I have enough acronyms to know at work.... Also the security issues make me glad I'm on the hardware side of things....


----------



## titan2782 (Nov 4, 2011)

obermd said:


> Not only is the car an example of distributed computing, but the cars themselves are distributed all over the planet. Can anyone say "Skynet?"


Disagree with this. 

Hardware:
To be considered distributed computing, the units would need to be processing information that goes back to a central point (also known as farming). The data being processed is the car's own data and used for it's own purposes. The cars are not controlled by a remote entity. This is not to say that commands cannot be sent to the car to do certain things such as unlocking the door, start, etc but that does not make the system distributed. 

Software:
Each unit has a specific job and will communicate with the other units via a specified interface. There are single units with no redundancy (in terms of scaling, not fail safe/back up systems). This would be more like SOA (Service Oriented Architecture) instead of distributed architecture. Even still, the units are hosted in the same environment.

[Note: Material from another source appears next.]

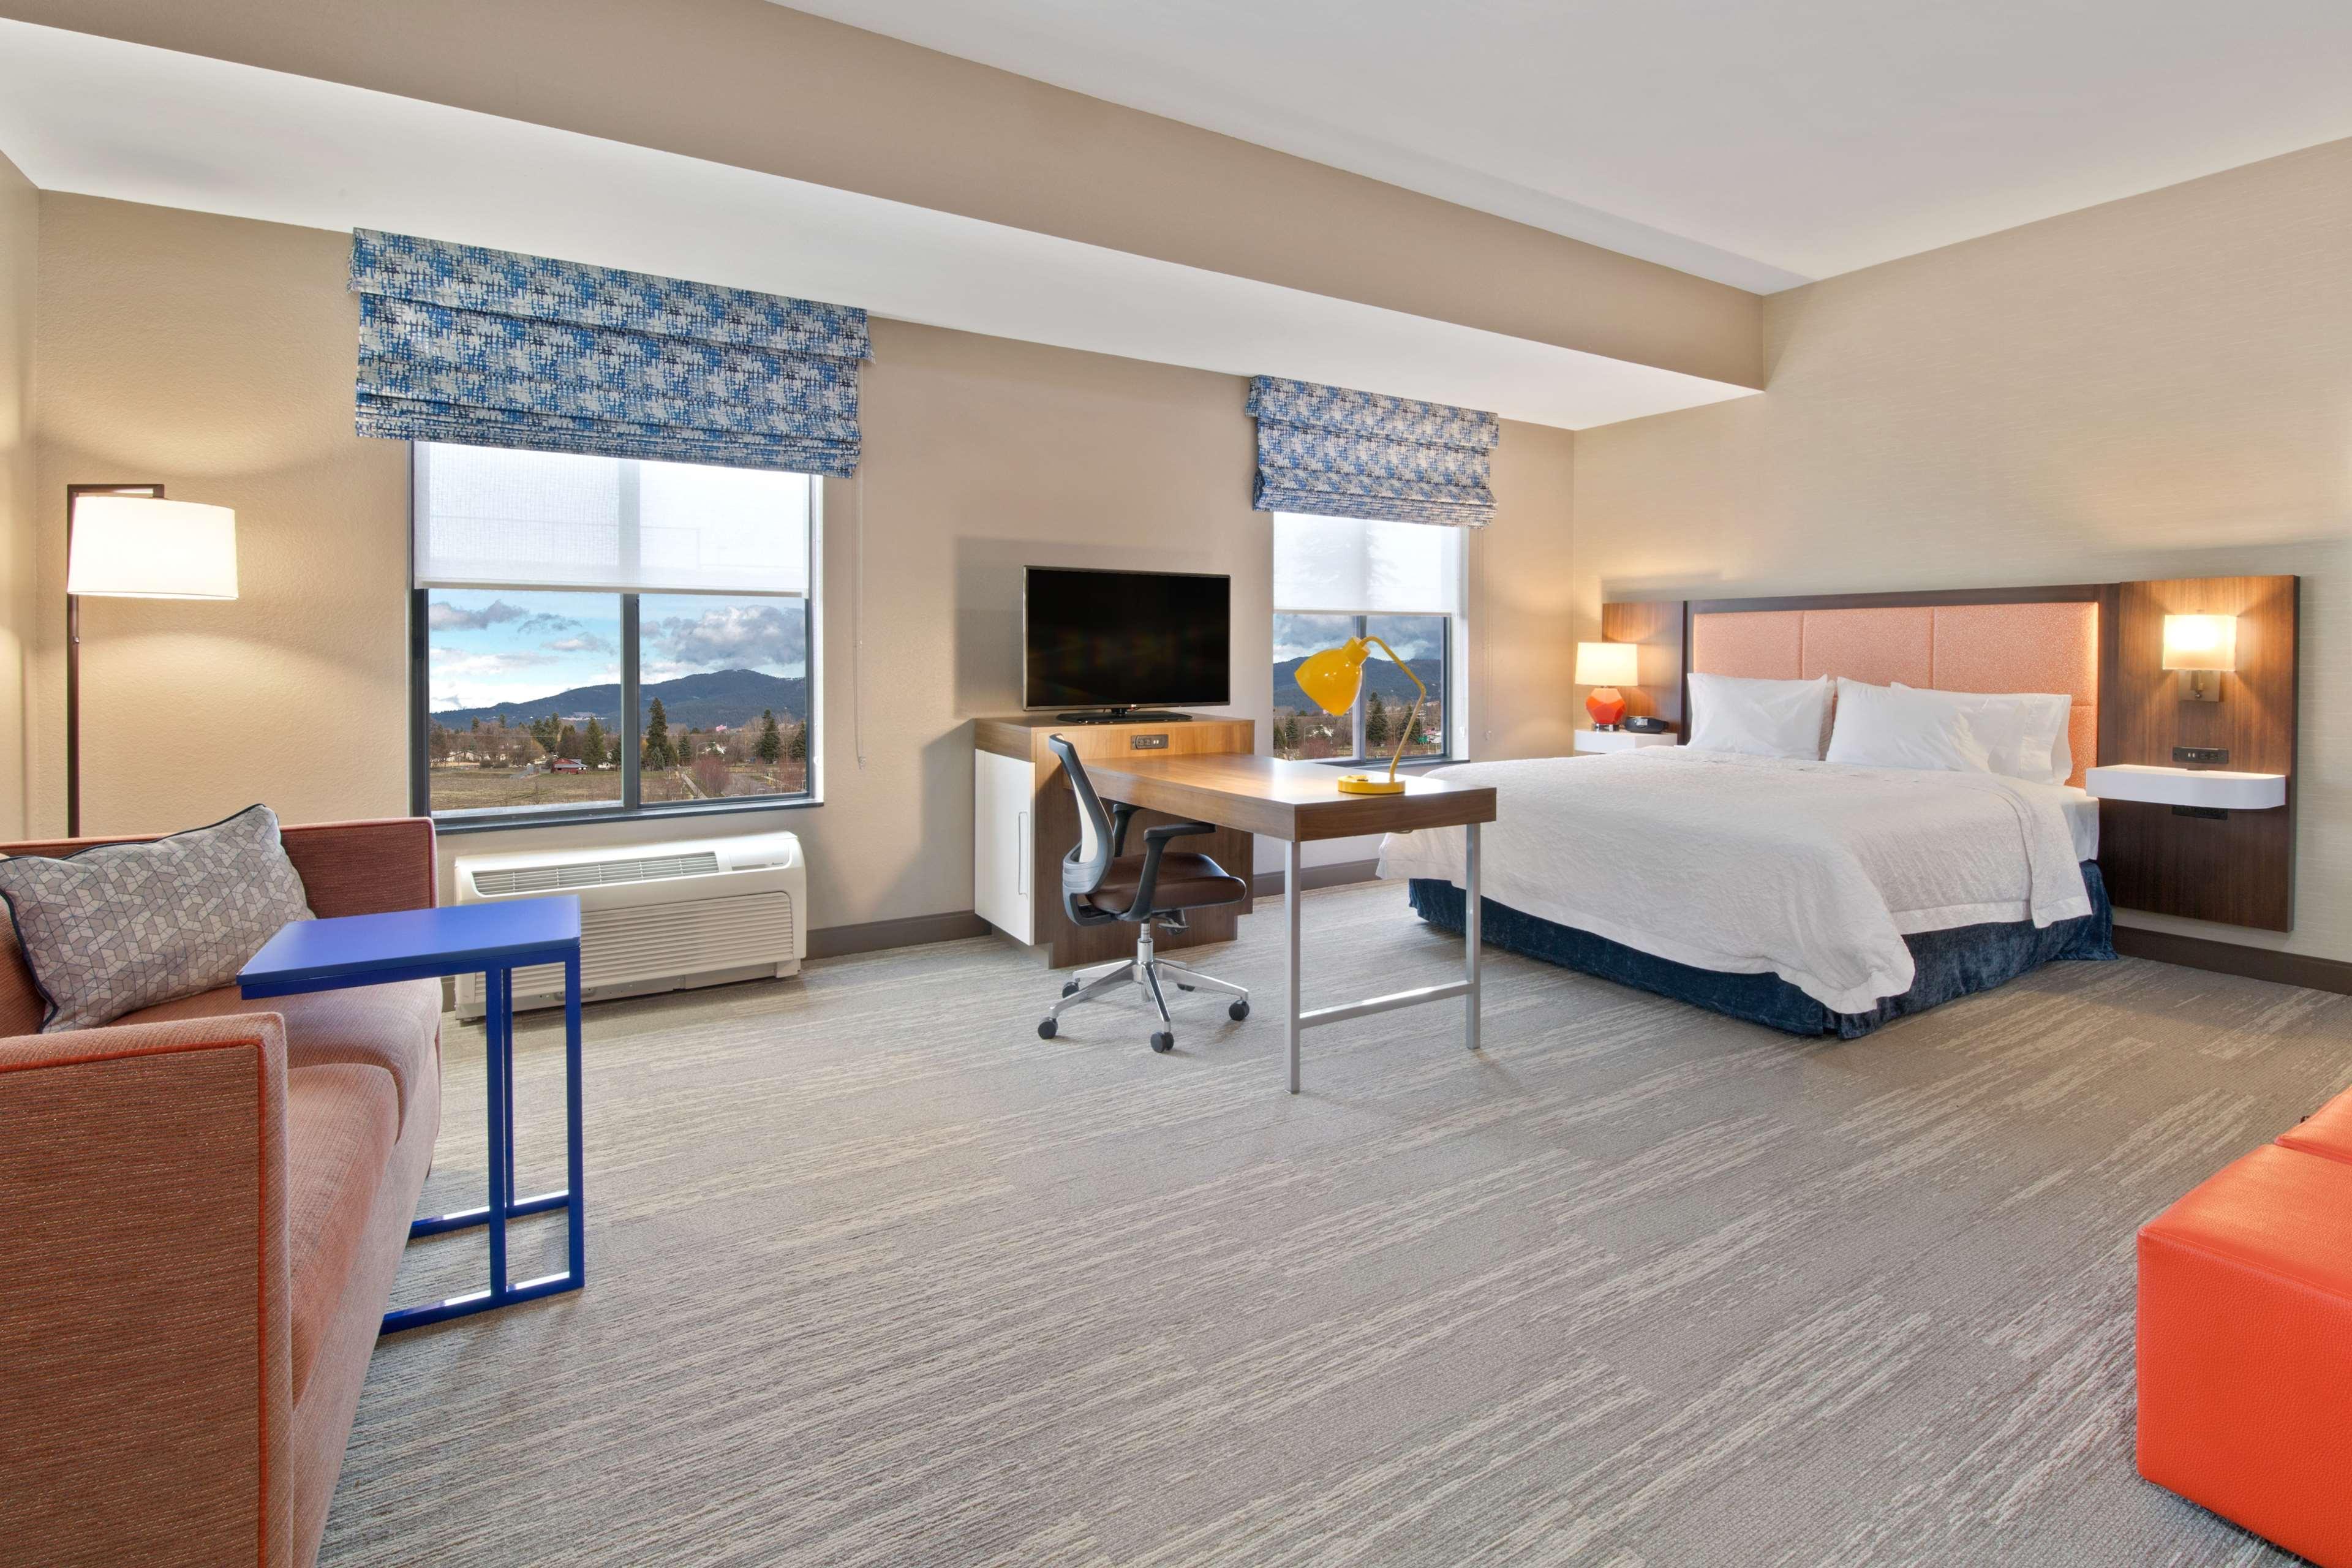 Hampton Inn & Suites Spokane Valley image 20
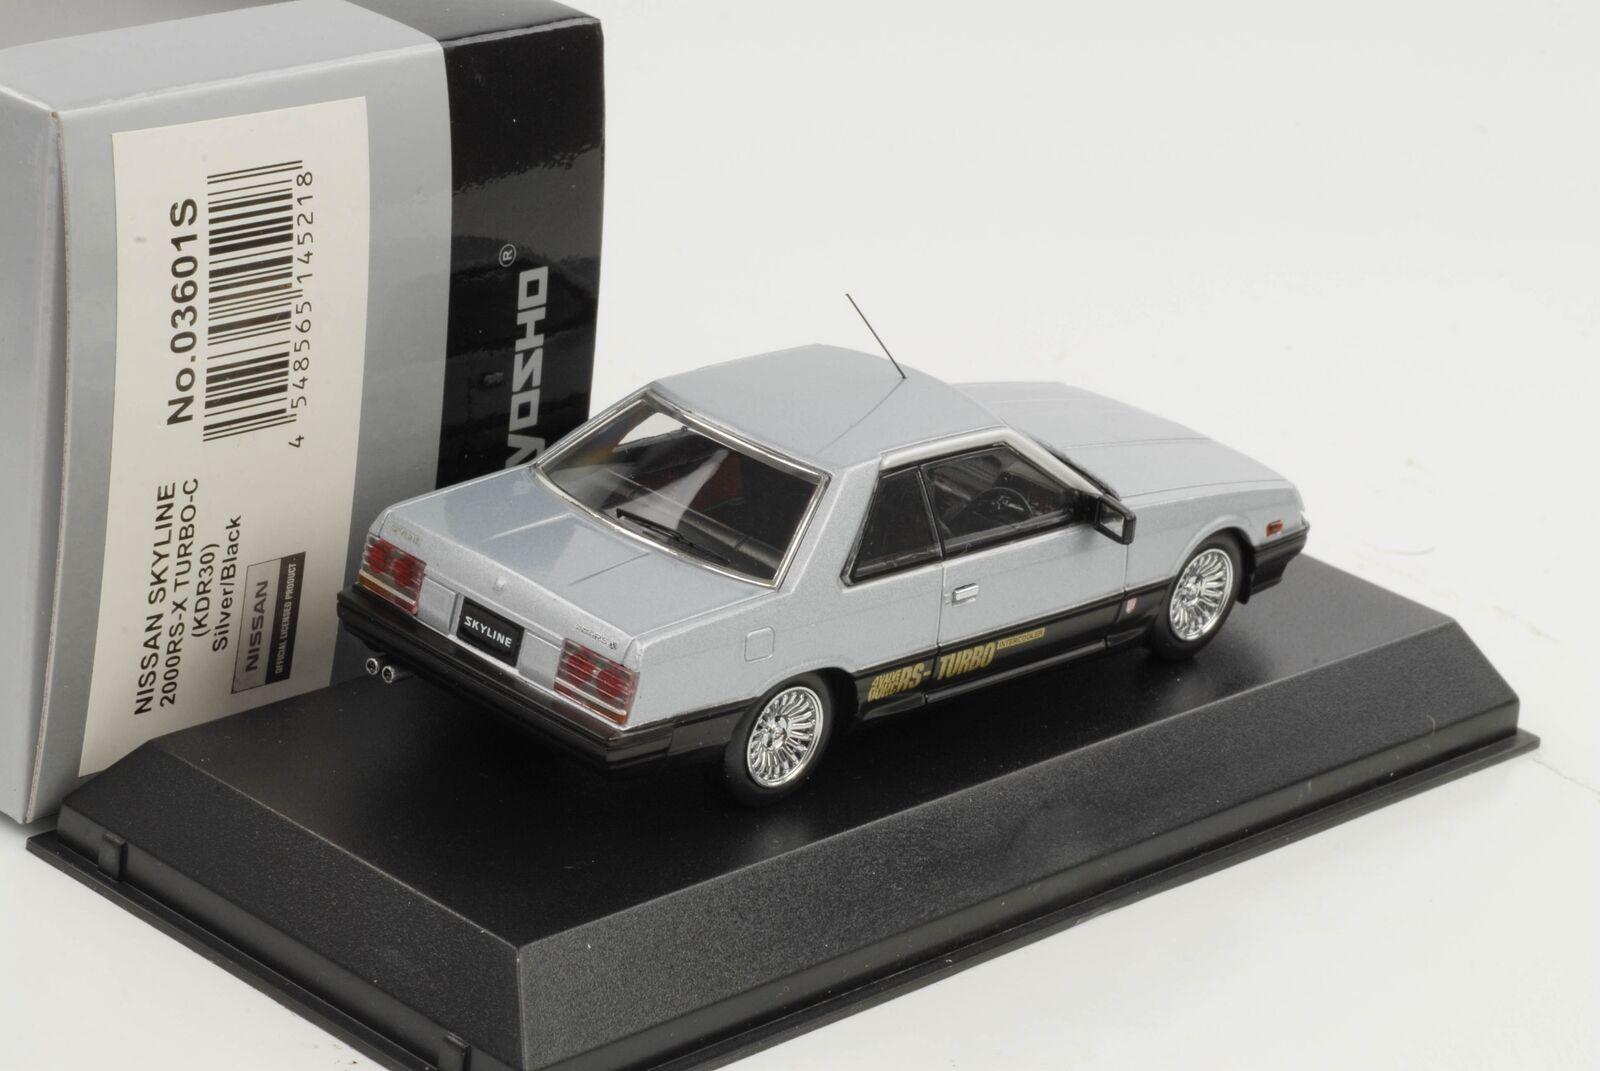 Nissan Skyline 2000rs-x Turbo-C kdr30 argent 1 43 Kyosho QUALITE

If, for hypothetical example, my Cruze needed to compute the engine load and asked the engine load module for the value but my engine load module was offline or busy, it would then ask the engine load module of my neighbors Cruze to compute it, that would be distributed.

So, in summary, these cars are a great example of a static, tightly coupled yet cohesive system.

Mobile != Distributed

Maybe you can elaborate on your statement if I'm off.


----------



## scha7530 (Apr 15, 2012)

obermd said:


> I'd like to have access to *EBCM* to reduce the stabilitrak sensitivity.


Considering I work at a company that does this...sensitivity is not as easy as you'd think...the code in these things are crazy complex, and they spend thousands of hours tuning it. 

I'd suggest using the "OFF" mode if you think its being too sensitive at times. Hit the traction control button and then push and hold. I turn mine off all the time for autocrossing.


----------